The InceptionResNet is a combination of ResNet and Inception. It simply presents residual shortcuts within the Inception block [53] so that the new filter created in the Inception block is pooled in the residual shortcuts. The InceptionResNet is capable of considerably improving the training performance and time compared to the Inception and ResNet models. This CNN is 164 layers deep.

2.2. Texture Analysis Methods

Texture analysis is a well-known method that is commonly used to analyze medical images. The textural analysis consists of several computation steps applied to medical images [54]. The most common textural analysis methods include the gray-level covariance matrix (GLCM) and gray level run length matrix (GLRM), and they are widely used in medical applications [55,56,57,58,59,60]. These methods generally yield sufficient performance, especially when combined [58].
The GLCM approach is a second-order histogram method that relies on the grey level distribution between pairs of pixels. GLCM computes the common frequencies of the whole pairwise mixtures of the grey level composition of every pixel in the left hemisphere (at different angles), which is taken as a reference pixel with each of the opposite pixels in the right hemisphere. Accordingly, multiple covariance matrices are generated corresponding to each pairwise combination of pixels. Afterwards, every covariance matrix is normalized by the total number of its components to determine the covariance relative frequency among the gray levels of mutual pixels [61]. In this study, we have used the traditional GLCM textural features approach, although other techniques such as the doughnut GLCM [62], GLCM based on Haralick features [58], WPT-GLCM, WPT-LBP-GLCM, and WPT-Gabor-GLCM (WPT: wavelet packet transform, LBP: local binary patterns) [63] have been deployed by other studies.
The GLRM method extracts high-order statistical textural features, where a gray level run represents a line of pixels with the same intensity all in a certain direction [36]. For each medical image of size N × M, GLCM calculates the number of gray levels G, which is a string containing the pairwise pixels having a similar gray-level intensity in a particular direction and the longest run L, respectively. The GLRM is a bi-dimensional matrix of (G × L) elements, in which every element Q (m, n), provides the number of occurrences of the run, which has a size n of gray level m in a certain path θ [64].

2.3. Data Collection

The medical images used in this study were collected at two medical centers, the Guwahati Neurological Research Center (GNRC) and the Guwahati Medical College and Hospital (GMCH), as described previously by Das et al. [65]. The dataset consists of pediatric MB tumor images for children with age <15 years. The extracted tissues were stained with hematoxylin and eosin (HE) by a local medical pathologist at Ayursundra Pvt. Ltd. After the regions of interest were determined by a specialist, the images were amplified by a factor of 10× using a Leica 1CC50 HD microscope and saved in JPEG format. Each MB tumor image in the dataset was assigned a label that corresponded to one of the four MB subclasses. A total of 154 images corresponding to 59, 42, 30, and 23 classic, desmoplastic, large cell, and nodule MB, respectively, were available for analysis.

2.4. Proposed Pipeline

We propose a pipeline based on multiple deep learning methods to classify MB subclasses. The pipeline consists of four steps including image preprocessing, textural image generation and CNN training, feature extraction and fusion, and classification. In the first step, the images are resized and augmented. Next, textural analysis is used to analyze the original histopathological images and generate textural images. Both the original histopathological images and textural images are then used to train three CNNs individually. Afterwards, deep features are extracted from these CNNs, which were either trained with the original images or the textural images. Then, these features are used independently to train three machine learning classifiers. Finally, these features are concatenated and used to train the three machine learning classifiers. The steps of the proposed pipeline are shown in Figure 1.
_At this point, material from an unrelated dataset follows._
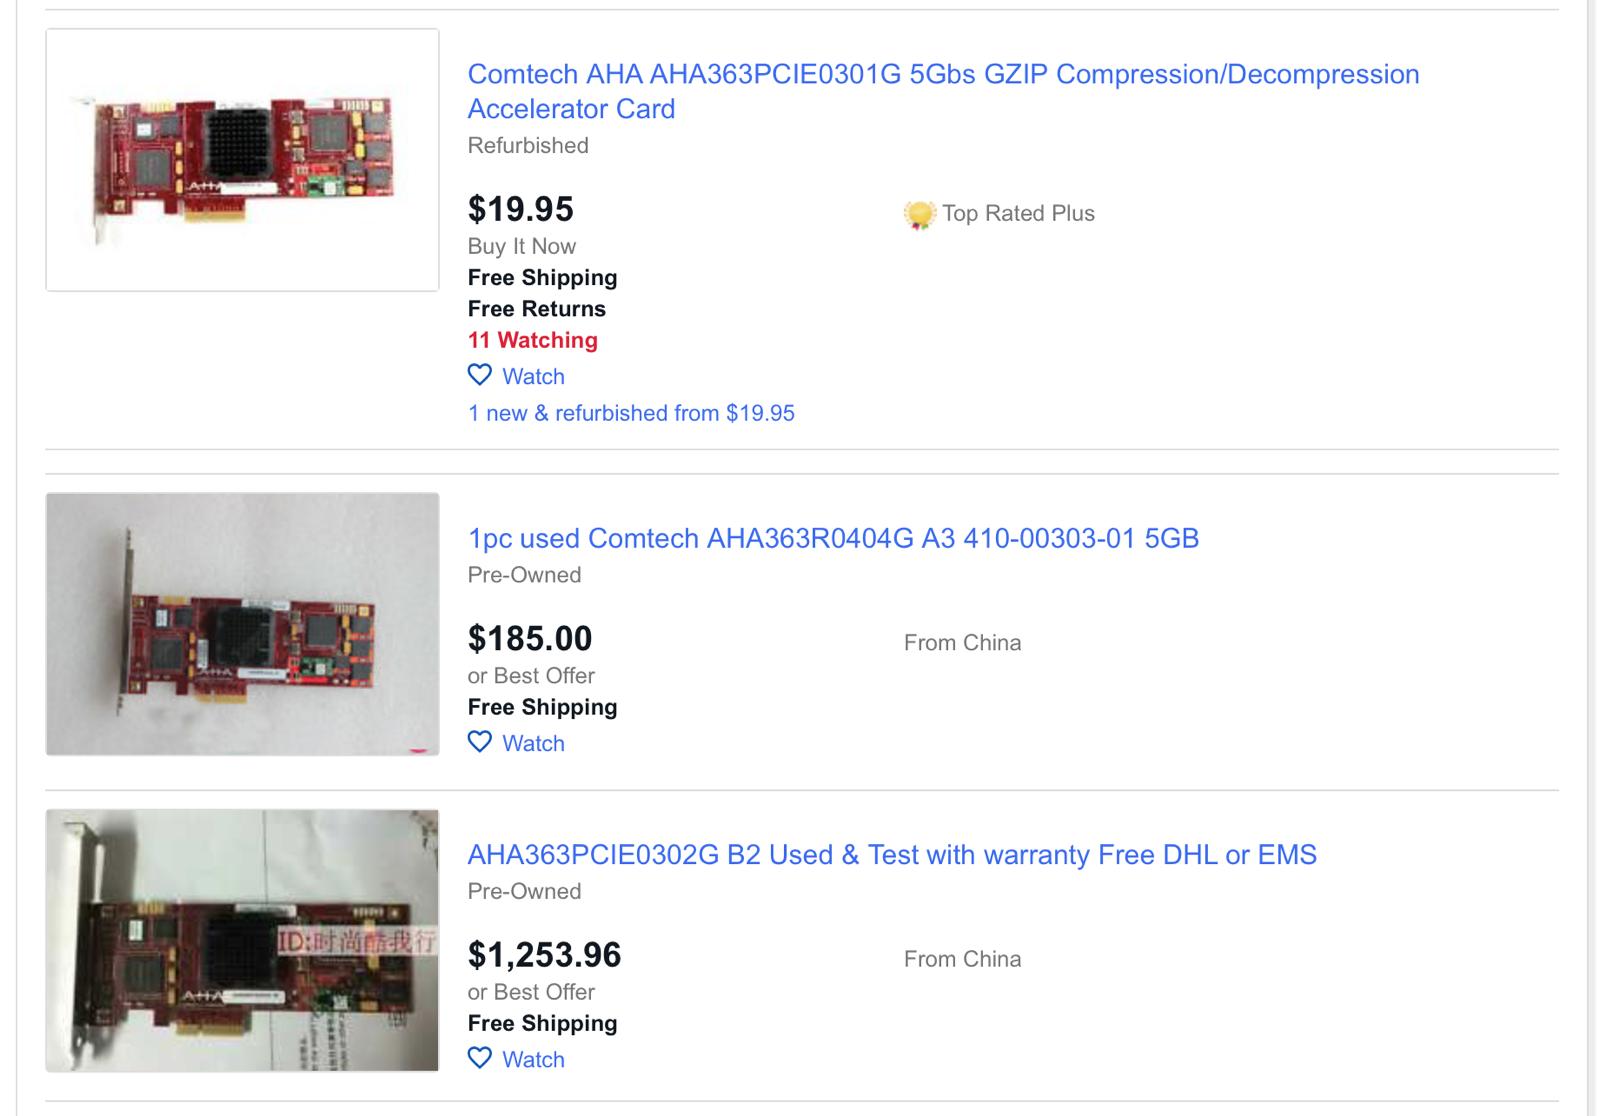 AHA363 on eBay

2.4.1. Image Preprocessing

To begin with, we resized the images according to the size of the input layer for the different CNN architectures used in this study, which are 224 × 224 × 3 for ResNet-101, and 229 × 229 × 3 for Inception and InceptionResNet. To optimize the quality of our training dataset, we then used data augmentation to increase the number of available images, as described by [66]. The data augmentation methods that we used included translation (−30,30), scaling (0.9, 1.1), flipping in x and y directions, and shearing (0, 45) in the x and y directions, as done previously in [67,68].
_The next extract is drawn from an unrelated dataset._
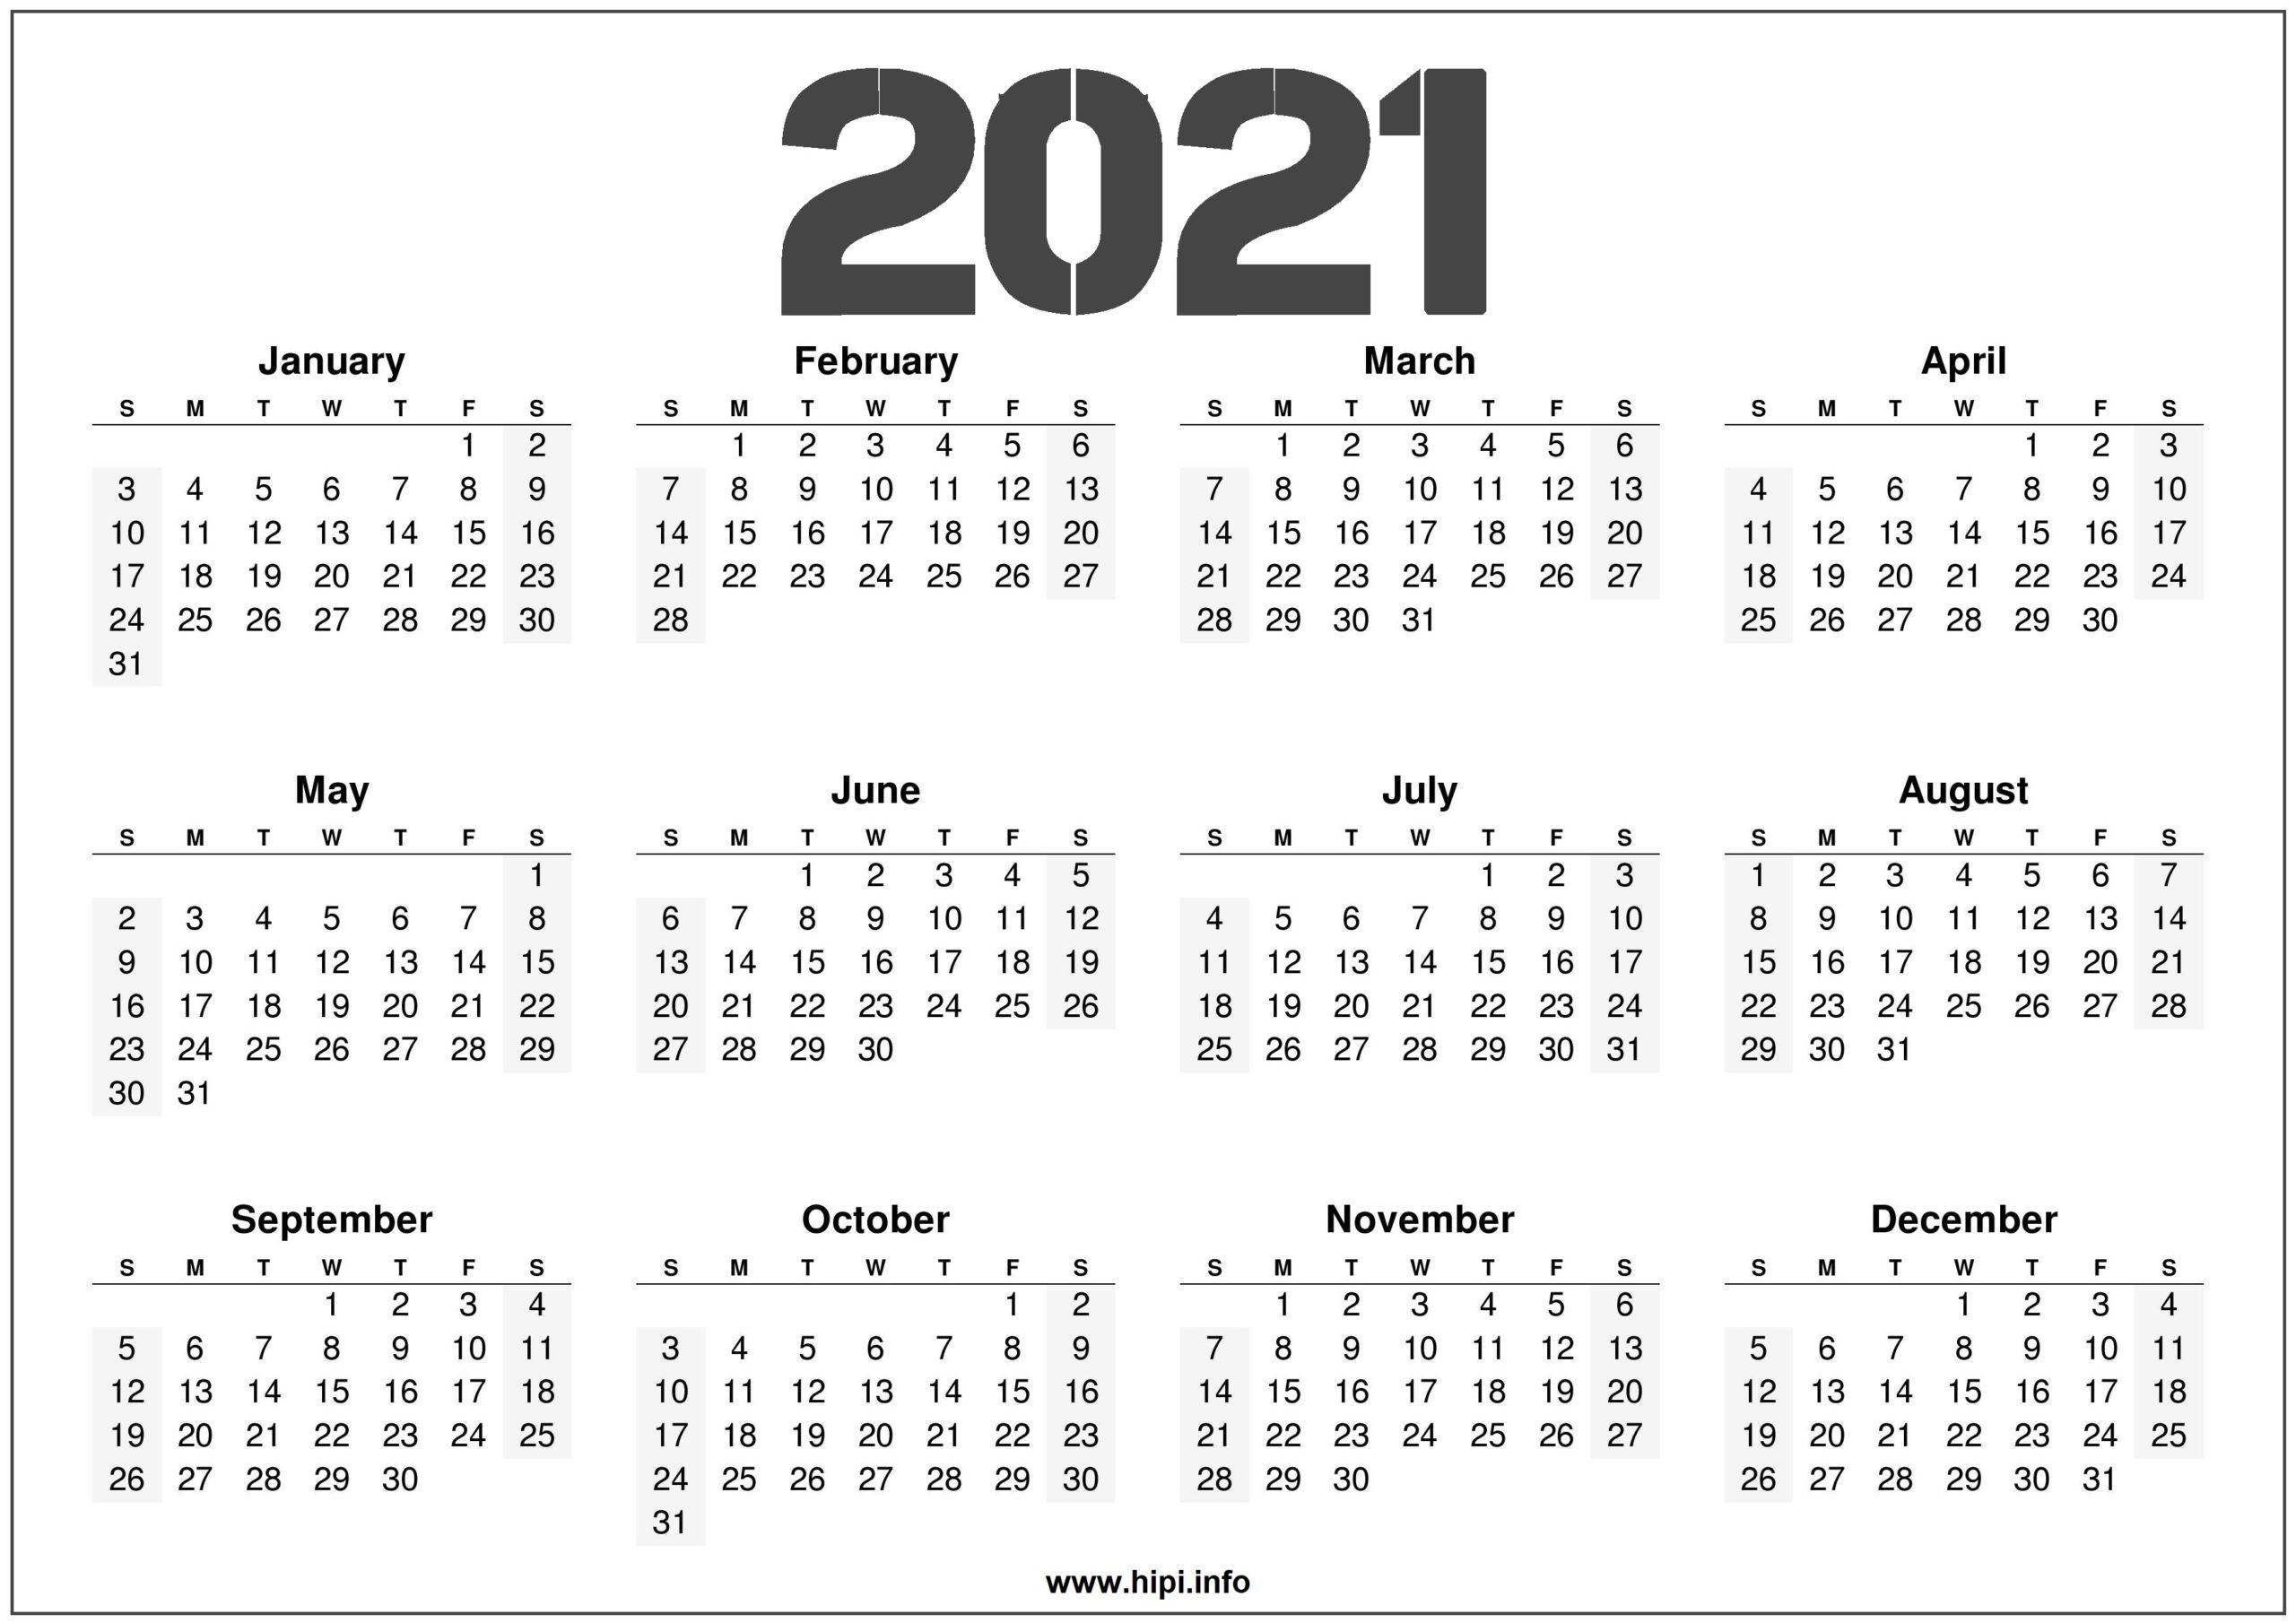 2021 Printable 12 Month Calendar Templates - Hipi

2.4.2. Textural Image Generation and CNN Training

To generate textural images, we applied the GLCM and GLRM texture analysis methods to the original images. We then generated heatmaps from the output features of the GLCM and GLRM methods, which we converted into images. For the GLCM and GLRM methods, we applied four orientations (0, 45, 90, and 135), respectively, and 8 gray levels. We then constructed three pre-trained CNNs previously trained on the ImageNet dataset using transfer learning (TL). TL [69] uses an existing CNN architecture that was designed for natural image datasets with their pre-trained weights, and then tweaks the model on medical imaging data. It is frequently used in the medical field, since acquiring large labeled image datasets such as the ImageNet dataset is very difficult [70]. The output layers of ResNet-101, Inception, and InceptionResNet CNNs were set to four, which corresponds to the number of MB subtypes instead of the original 1000 used in the ImageNet dataset. In addition, we set some parameters such as the number of epochs, validation frequency, mini-batch size, and the initial learning rate to 200, 26, 4, 0.0003, respectively. The three CNNs were then trained individually with the GLCM and GLRM images. In parallel, each of the three CNNs was trained with the original images. Figure 2 shows samples of the original images for the four pediatric MB subclasses along with their GLCM and GLRM images.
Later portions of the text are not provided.